▶ **About this exercise**:
Below is a listing; print exactly its lines from the one containing "1460T-BUMPER-US10B-FC LCN Surface" down to the one containing "Floral Fragrance Oil", both inclusive, with every picture left out.

Start of Provided data

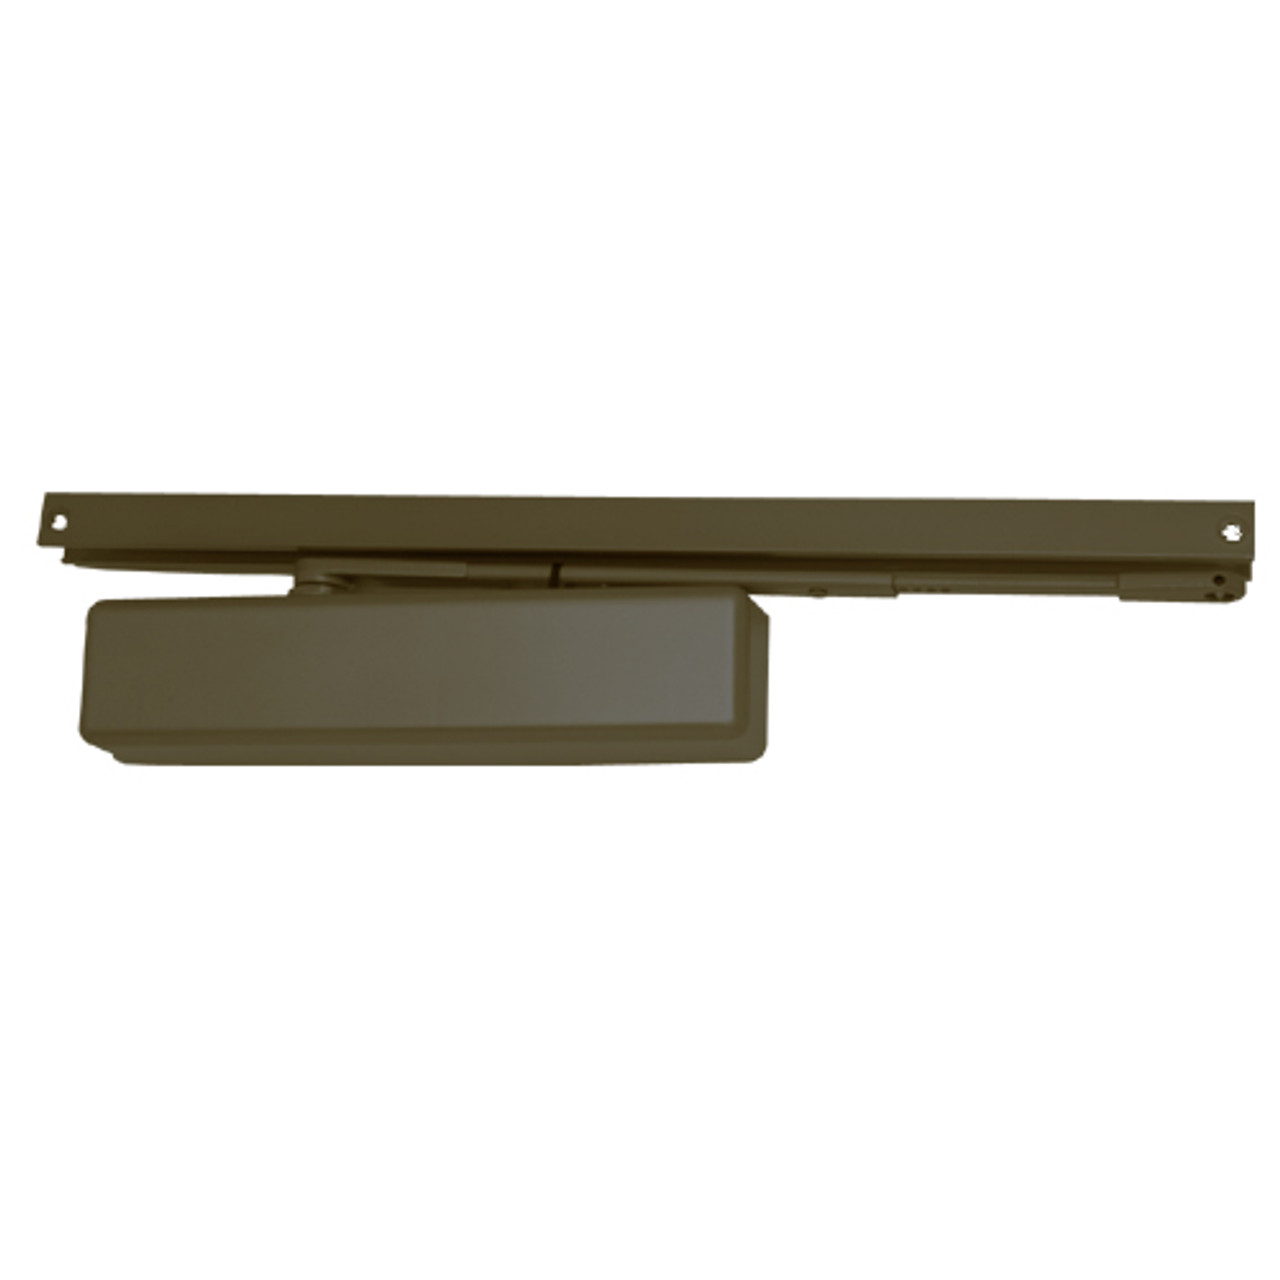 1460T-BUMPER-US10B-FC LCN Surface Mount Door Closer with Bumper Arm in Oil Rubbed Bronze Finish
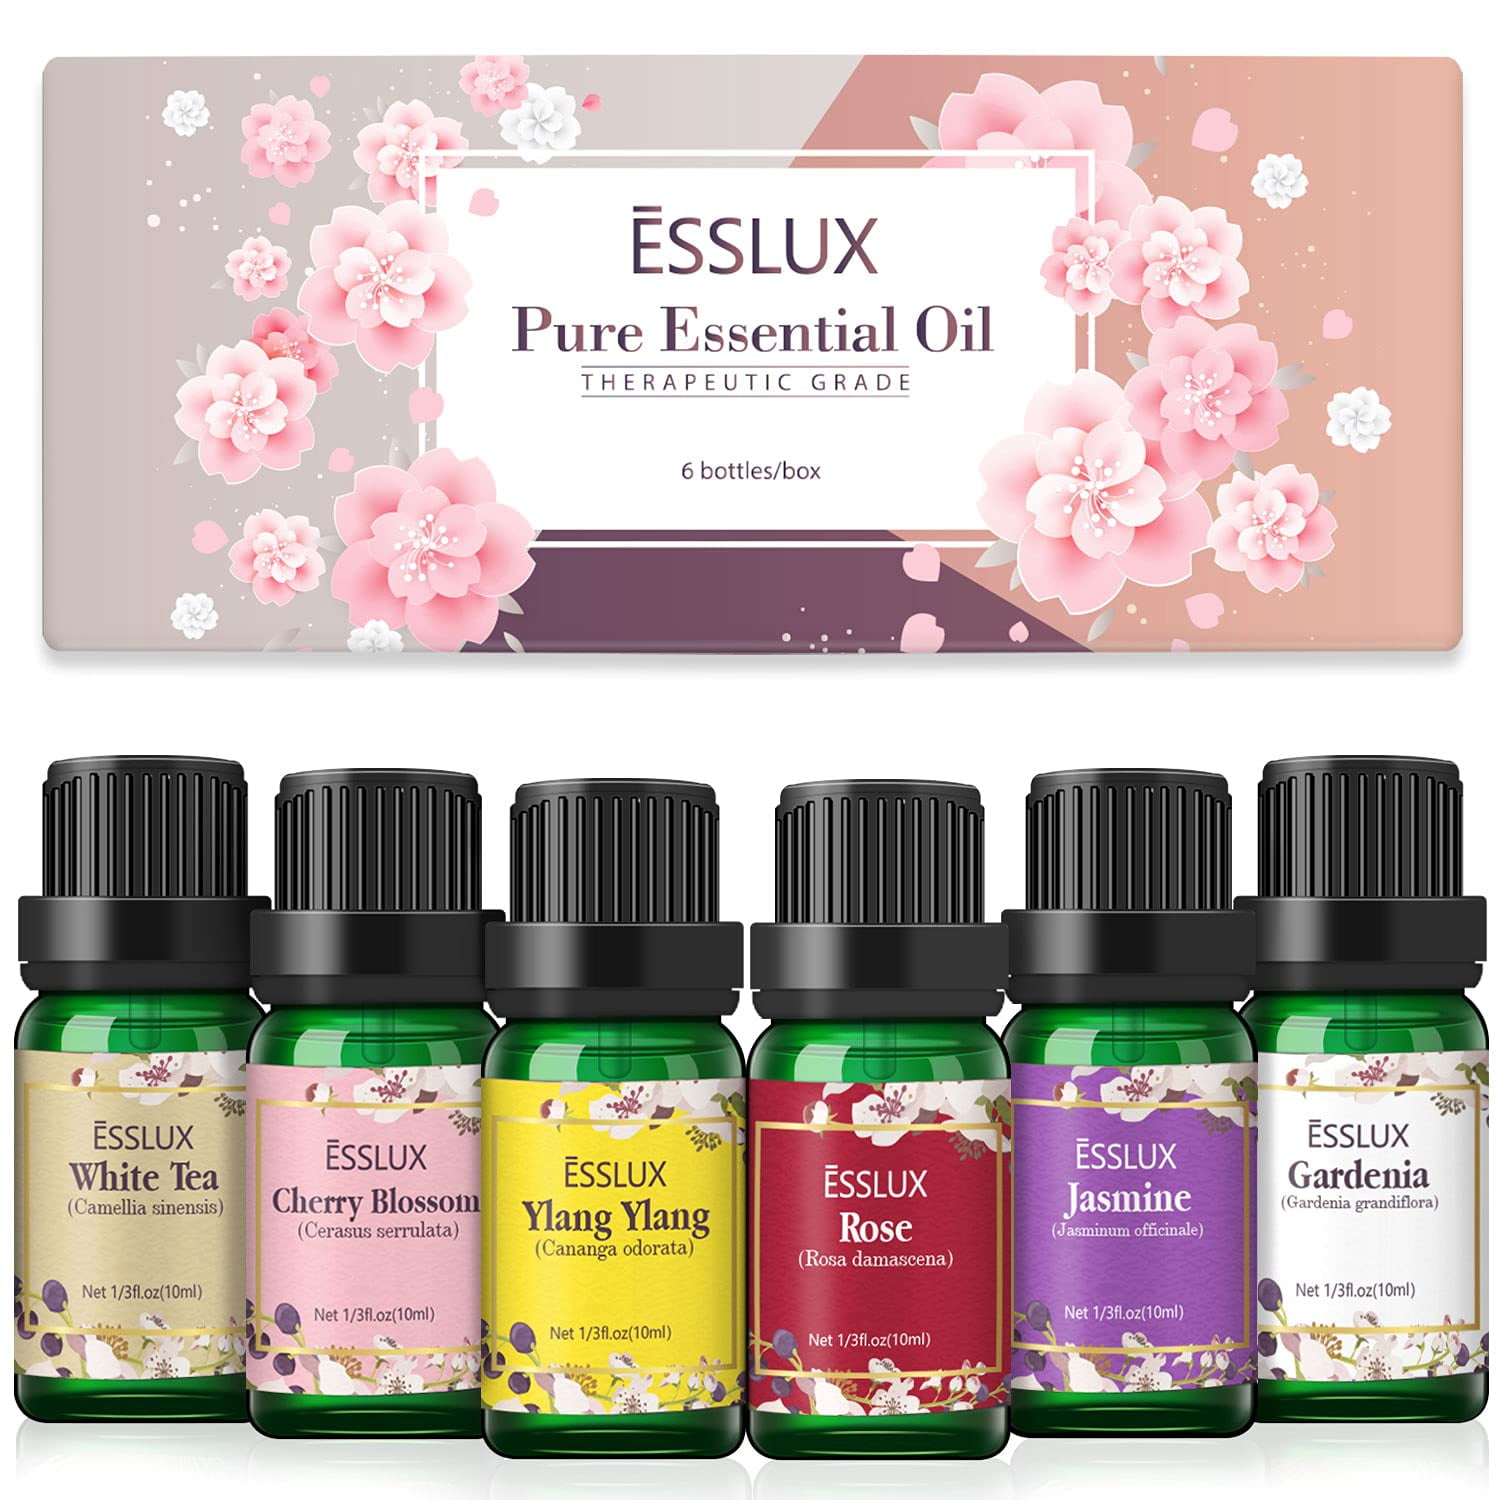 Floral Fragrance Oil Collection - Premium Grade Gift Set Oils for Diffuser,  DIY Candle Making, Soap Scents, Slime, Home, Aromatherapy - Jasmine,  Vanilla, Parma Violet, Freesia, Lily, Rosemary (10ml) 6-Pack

End of Provided data
Start of Provided data

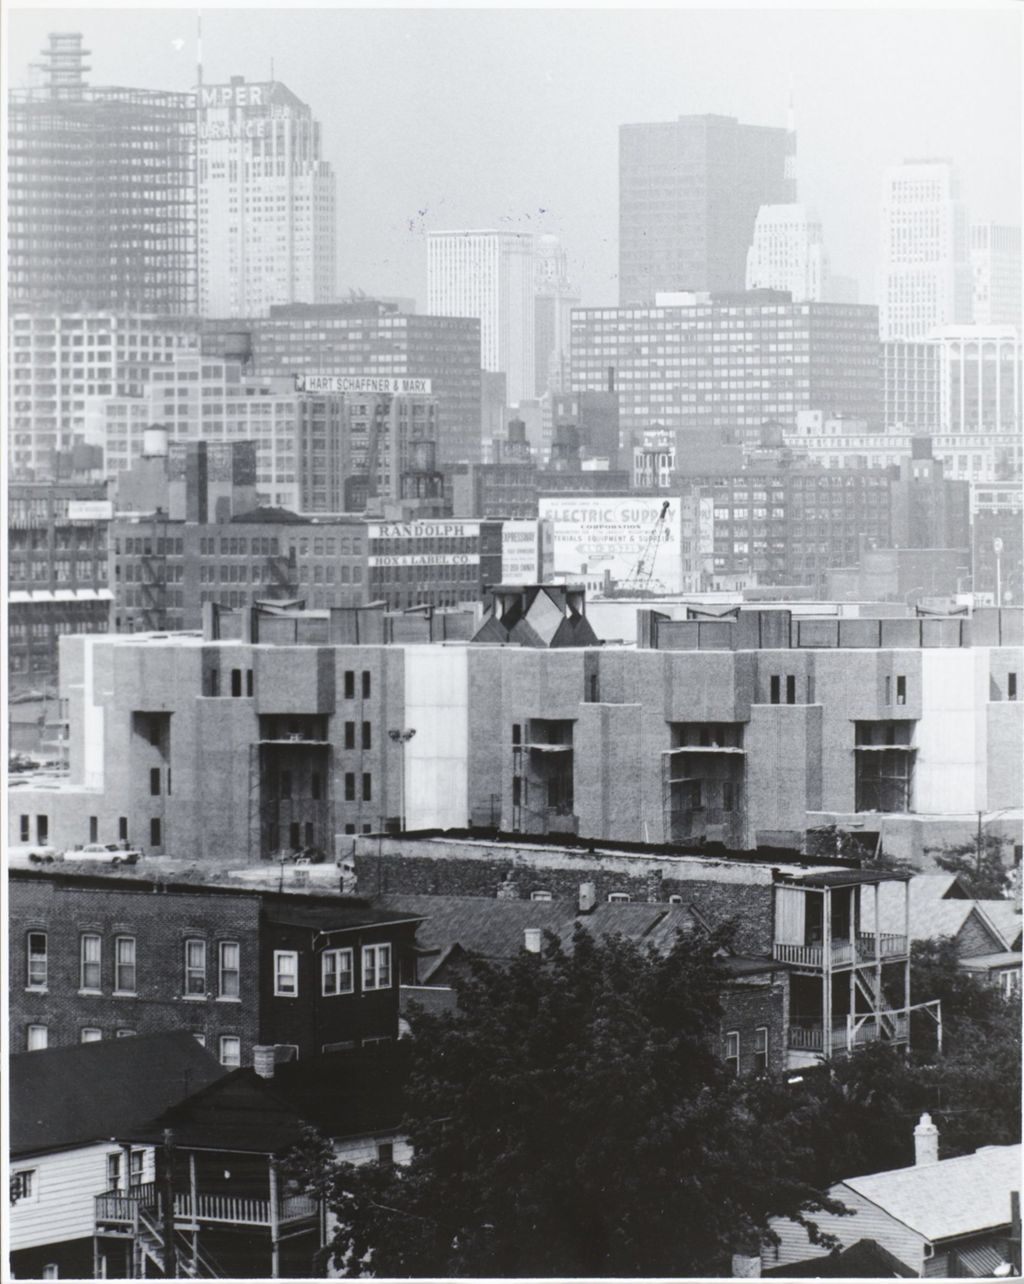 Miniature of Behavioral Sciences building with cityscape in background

End of Provided data
Start of Provided data

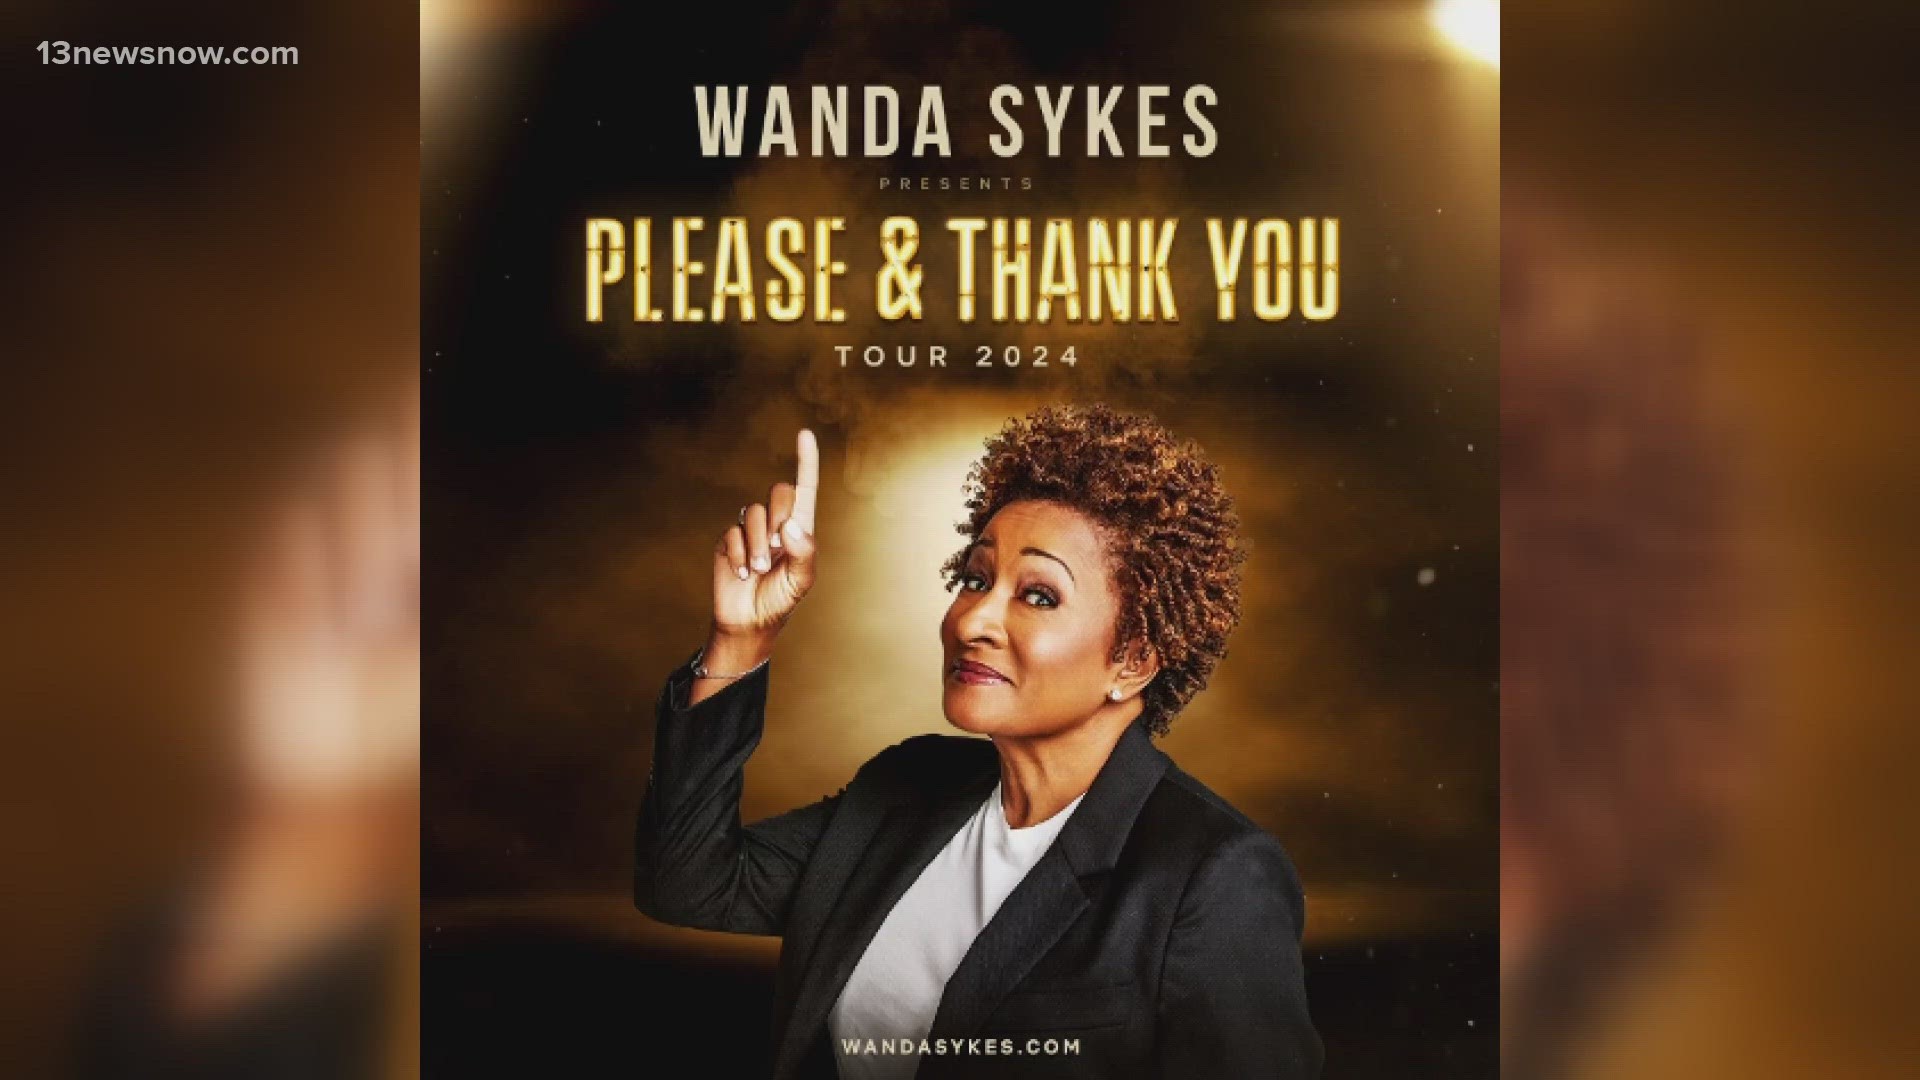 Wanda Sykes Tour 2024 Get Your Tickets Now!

End of Provided data

▶ **Response to this task**:
 1460T-BUMPER-US10B-FC LCN Surface Mount Door Closer with Bumper Arm in Oil Rubbed Bronze Finish
 Floral Fragrance Oil Collection - Premium Grade Gift Set Oils for Diffuser,  DIY Candle Making, Soap Scents, Slime, Home, Aromatherapy - Jasmine,  Vanilla, Parma Violet, Freesia, Lily, Rosemary (10ml) 6-Pack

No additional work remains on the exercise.